Li Hu, Fengli He, Meifeng Huang, Meihua Peng, Zhiguang Zhou, Feng Liu and Yan-Shan Dai
Nuclear factors of activated T cells (NFAT) c3 have a prominent role in the regulation of proinflammatory factors in immune cells. The classically activated M1 macrophages are key players in the initiation and maintenance of adipose tissue (AT) inflammation. The role of NFATc3 in obesity and AT inflammation is unknown. We set out to determine how deficiency of NFATc3 effected macrophage polarization, inflammation and insulin resistance in visceral AT of high-fat diet (HFD)-fed mice. Nfatc3−/− and WT mice were fed a HFD for 8–17 weeks. Epididymal white AT (eWAT) F4/80(+) cells were characterized by fluorescence-activated cell sorting and quantitative RT-PCR. Results showed that Nfatc3−/− mice developed HFD-induced obesity similar to WT mice, but insulin sensitivity and glucose tolerance were improved, and liver fat accumulation was reduced in Nfatc3−/− mice compared to WT control mice. Moreover, M1 macrophage content and proinflammatory factors were reduced, whereas the alternatively activated M2 macrophage content was increased in eWAT of HFD-fed Nfatc3−/− mice compared to that of WT mice. In addition, eWAT insulin signaling was improved in HFD-fed Nfatc3−/− mice.
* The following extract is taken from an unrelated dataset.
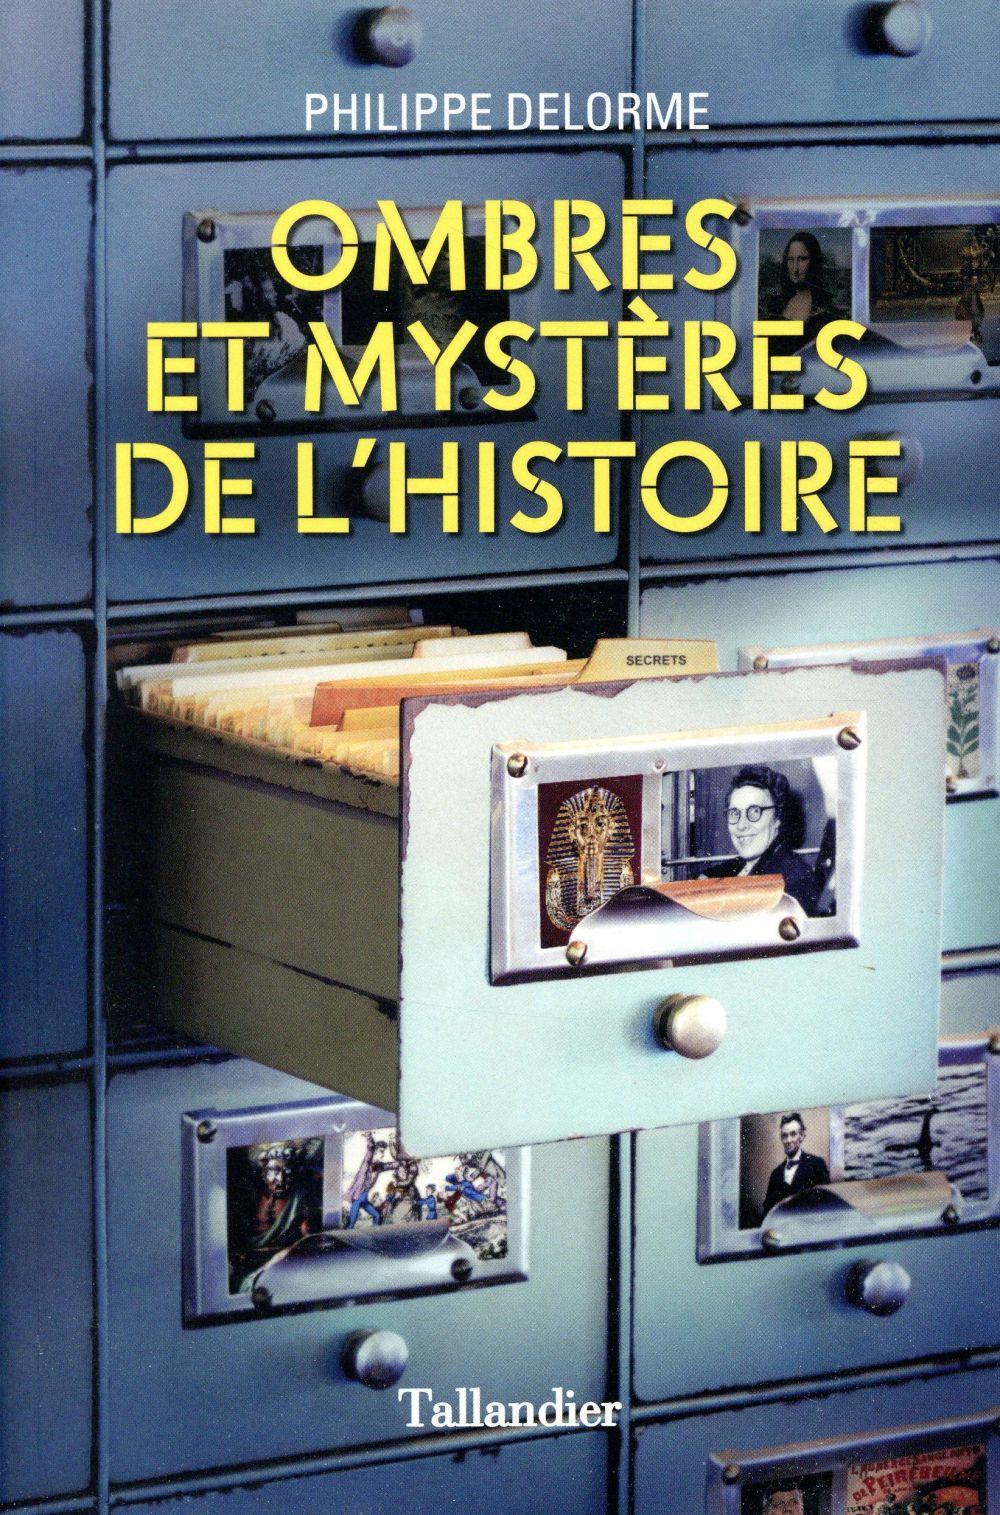 Ombres et mystères de l'histoire ; petits mystères et grandes énigmes
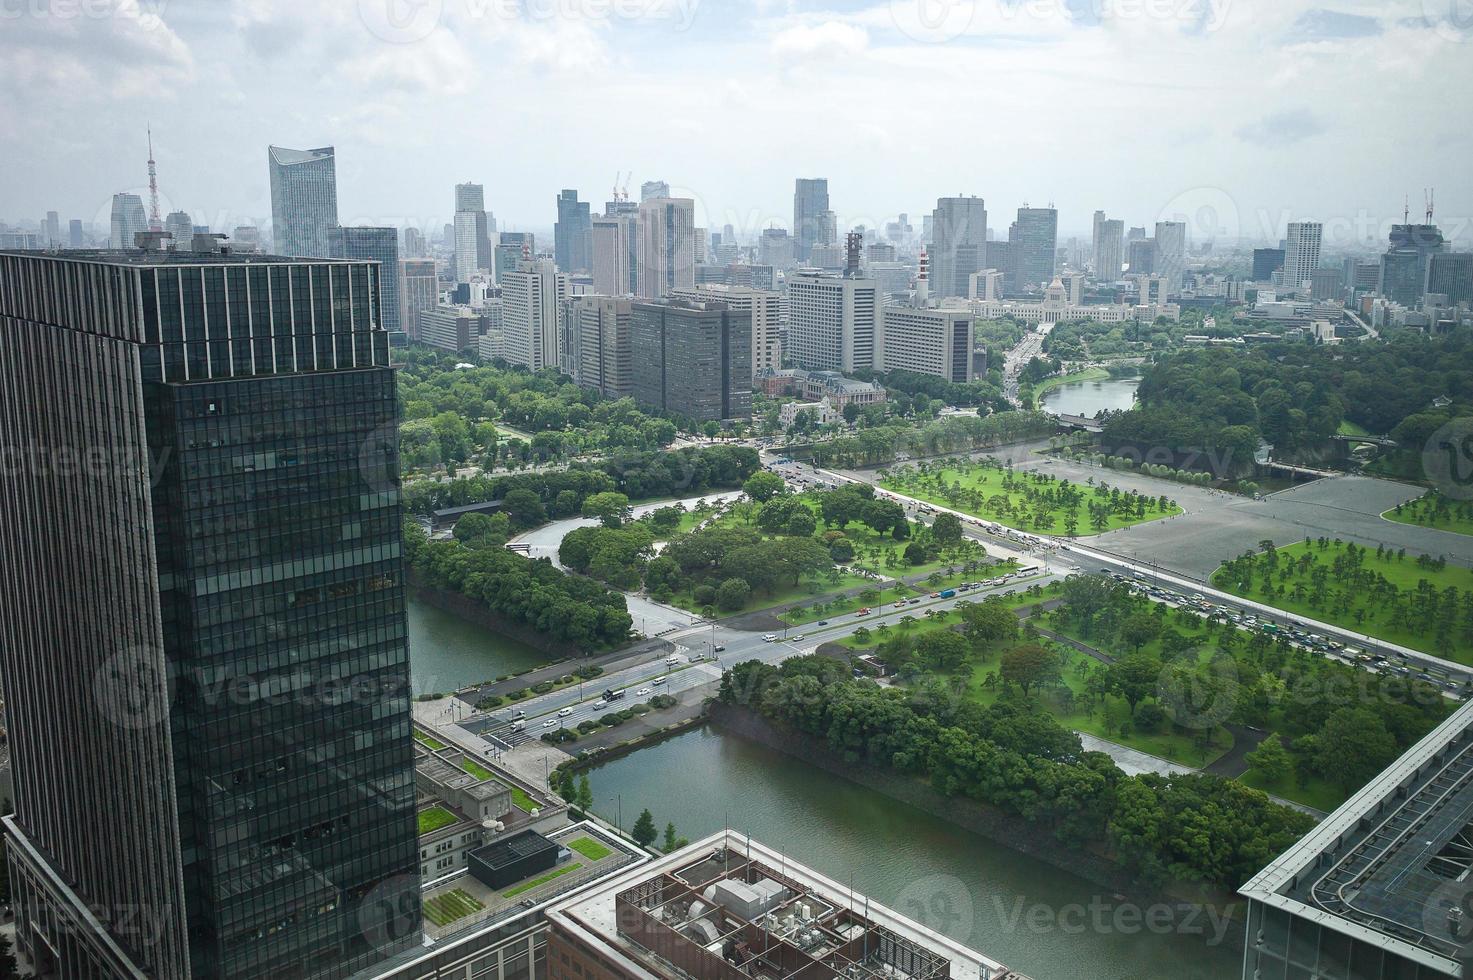 jardins imperiais - distrito de negócios - tóquio foto

Importantly, after bone-marrow-derived macrophages had been isolated from Nfatc3−/− mice and cultured in vitro, treatment of these cells with interferon-γ and lipopolysaccharide resulted in reduction of M1 inflammatory markers, suggesting that NFATc3 promoted M1 polarization by a cell-autonomous mechanism. The results demonstrated that NFATc3 played an important role in M1 macrophage polarization, AT inflammation and insulin resistance in response to obesity through transcriptional activation of proinflammatory genes.